Module prop::modal

Modal Logic

This modal logic builds upon the hooo module using Exponential Propositions (HOOO EP).

The Modal Logic variant derived is S5 or stronger for decidable propositions. For more information about variants of Modal Logic, see wikipedia article.
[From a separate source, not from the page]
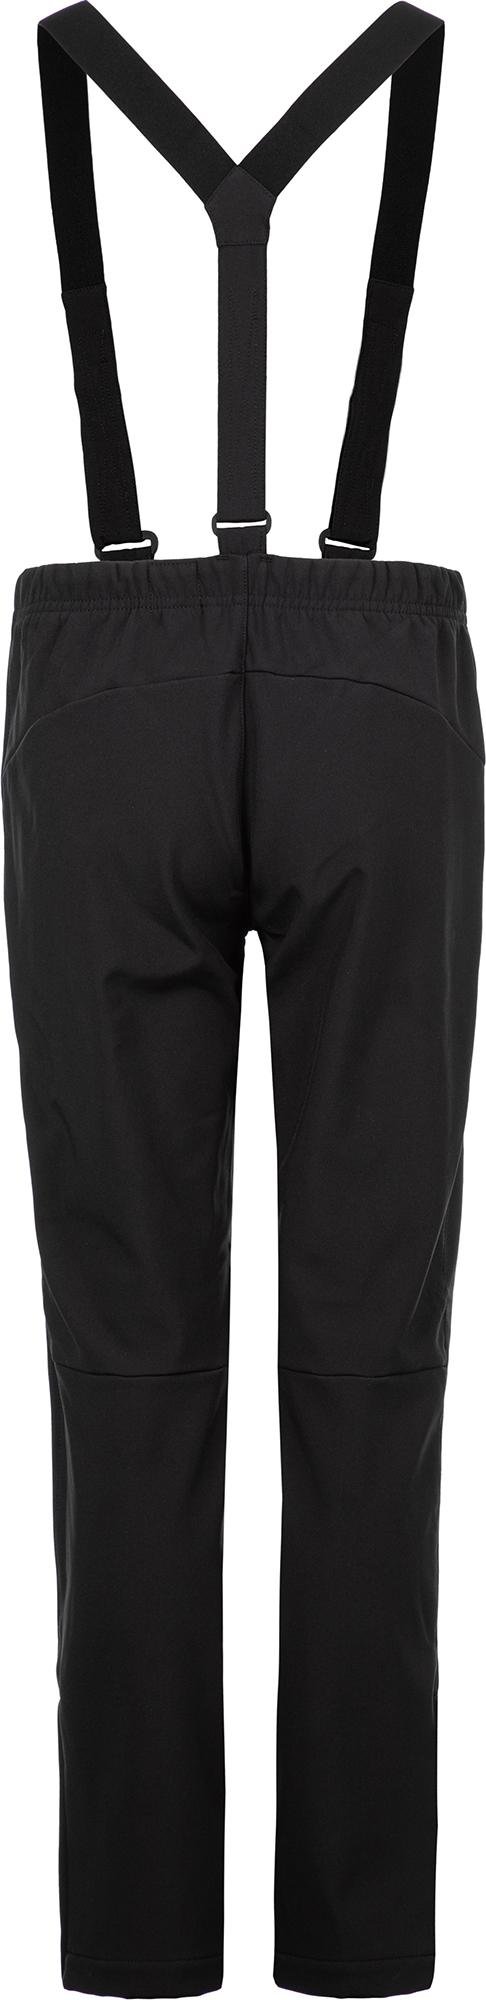 Nordway Брюки для девочек Nordway, размер 134 nordway куртка утепленная мужская nordway размер 46

It is currently known that HOOO EP implies S5, but it is unknown whether S5 implies HOOO EP.

Functions

• b
  a => □◇a.
• eq_nec_pos_strong_pos
  □◇a == strong_pos(a).
• eq_nnpos_nnecn
  ¬¬◇a == ¬□¬a.
• five
  ◇a => □◇a.
• four
  □a => □□a.
• k
  □(a => b) => (□a => □b).
• lob_triv
  □(□p => p).
• n
  (|- a) => (|- □a).
• nec_consistency
  □¬□⊥.
• nec_not_godel
  □¬(¬□⊥ => ¬□¬□⊥).
• nec_not_lob
  □¬(□(□⊥ => ⊥) => □⊥).
• nec_pos_to_strong_pos
  □◇a => strong_pos(a).
• nec_to_nposn
  □a => ¬◇¬a.
• nec_to_pos
  □a => ◇a.
• nnecn_to_nnpos
  ¬□¬a => ¬¬◇a.
• nnecn_to_pos
  ¬□¬a => ◇a.
• nnpos_to_nnecn
  ¬¬◇a => ¬□¬a.
• npara_to_pos
  ¬(false^a) => ◇a.
• npos_to_para
  ¬◇a => false^a.
• npos_to_posn
  ¬◇a => ◇¬a.
• nposn_to_nec
  ¬◇¬a => □a.
• para_godel
  ⊥^(¬□⊥ => ¬□¬□⊥).
• para_lob
  ⊥^(□(□⊥ => ⊥) => □⊥).
• para_para_to_pos
  false^(false^a) => ◇a.
• para_to_npos
  false^a => ¬◇a.
• pos_to_nnecn
  ◇a => ¬□¬a.
• pos_to_npara
  ◇a => ¬(false^a).
• pos_to_para_para
  ◇a => false^(false^a).
• posn_to_npos
  ◇¬a => ¬◇a.
• strong_pos_to_nec_pos
  strong_pos(a) => □◇a.
• t
  □a => a.
• to_nnpos
  a => ¬¬◇a.

Type Definitions

• NNPos
  ¬¬◇p.
• Nec
  □p := p^true.
• Pos
  ◇p := p^true ⋁ theory(p).
• StrongPos
  strong_pos(a) := p^true ⋁ false^(p^true ⋁ false^p).